東京オリンピック金メダリストとして臨んだ国内での復帰戦の結果は3位。自身のYouTubeチャンネルでは、「不甲斐ない結果に終わったし、あまりいい試合内容ではなかった」と結果を受け止めた上で、「1年3ヶ月ぶりに畳に戻ってきて最後まで戦いきることができた」と胸を撫で下ろすと、「たくさんの収穫があった」「ここからも愚直にやっていくだけです」と気合いを入れ直した。

この成績を踏まえてメンバーに選出された今回のグランドスラム東京は、東京オリンピック後、初の国際試合。さらにはパリオリンピックに向けて重要な戦いとなる。「ここで優勝するかしないかで来年の世界選手権につながるかどうかが変わってくる」(テレビ東京より)と語るウルフ。東京2020、そして怒涛のメディア対応から1年。気持ちを新たにした「柔道界の顔」が、その先のパリオリンピックを見据え、日本のファンの前でグランドスラム東京大会の優勝を目指す。

グランドスラム東京、男子100kg級のエントリー選手

しばらく国際舞台から離れていたウルフは、現在世界ランキング21位で、グランドスラム東京の100kg級では第4シード。

一方、第1シードとなっているのはカナダの柔道家で日本育ちのレイズ・カヨル。29歳のカヨルは今年10月に行われた世界選手権100kg級の決勝で22歳のムザファルベク・トゥロボエフ(ウズベキスタン)に敗れ、銀メダルを獲得。同月のグランドスラム・アブダビ大会では決勝でスペインのニコロス・シェラザディシビリを破り、グランドスラム初優勝を飾った。

日本勢にとっては、このグランドスラム東京が2023年5月に行われる世界選手権(カタール・ドーハ)の日本代表選考において重要な位置を占めており、パリ2024の代表争いにおいても注目の大会となる。

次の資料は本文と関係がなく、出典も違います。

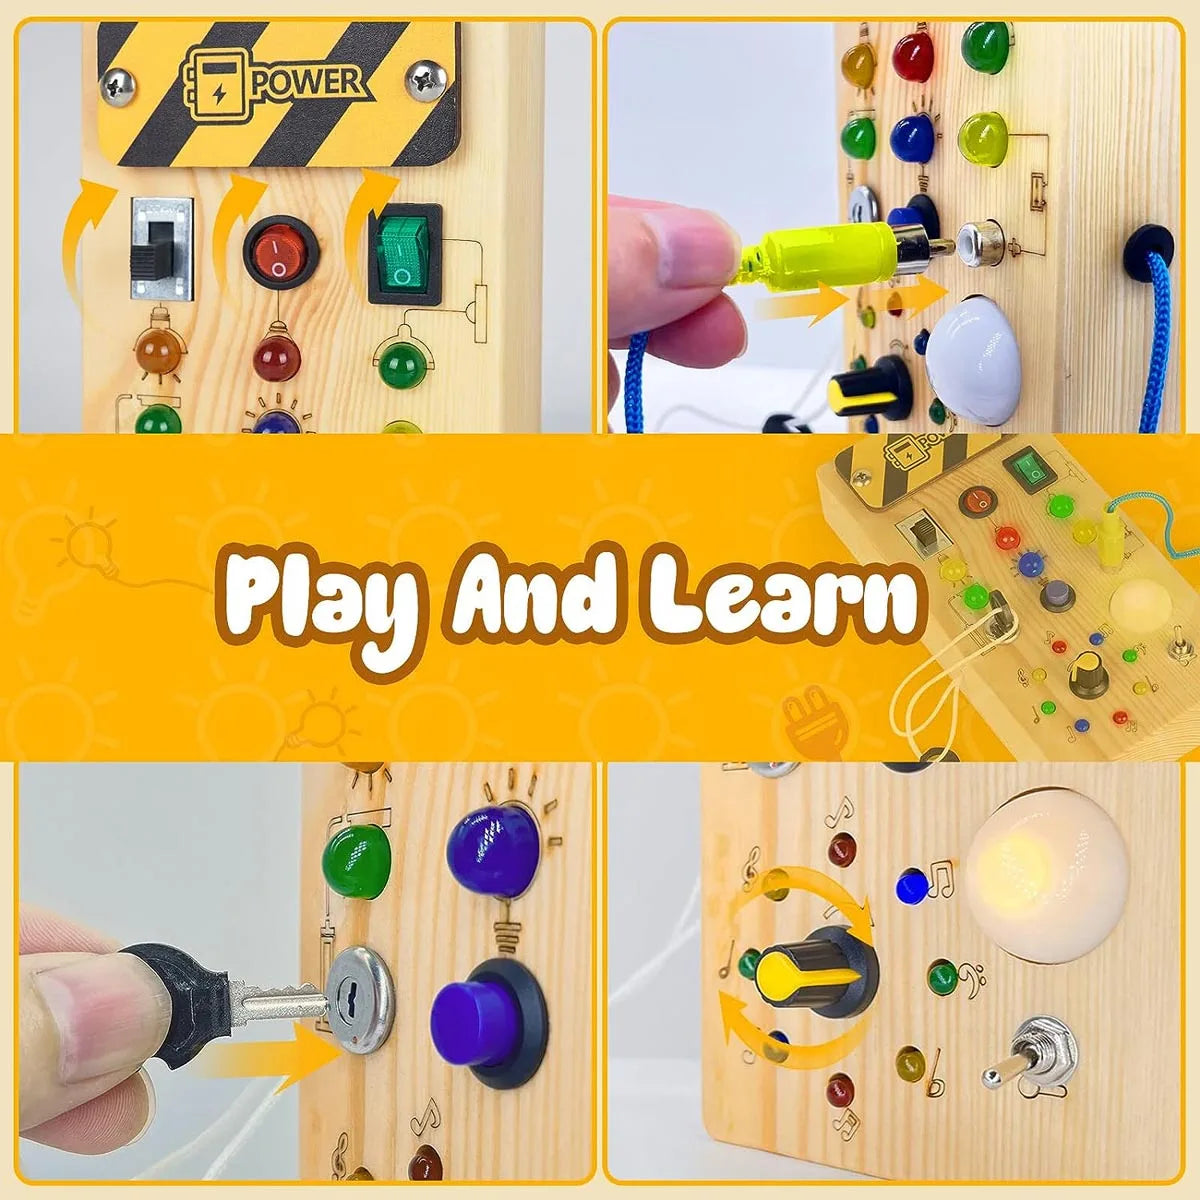 Montessori Busy Board Sensory Toys Wooden With LED Light Switch Control Board Travel Activities Children Games For 2-4 Years Old

日本からは、第3シードに飯田健太郎がいる。24歳の飯田は10代の頃から将来の活躍が期待されていたものの、近年は成績を伸ばせず、今年7月のグランドスラム・ハンガリー大会でようやく表彰台の頂点に立った。だが10月の世界選手権では2回戦敗退しており、その悔しさを晴らす舞台がグランドスラム東京となる。

また、10月の講道館杯全日本体重別選手権の100kg級の準決勝でウルフを破り、最終的に優勝した22歳の植岡虎太郎、同大会2位のグリーンカラニ海斗も出場を予定している。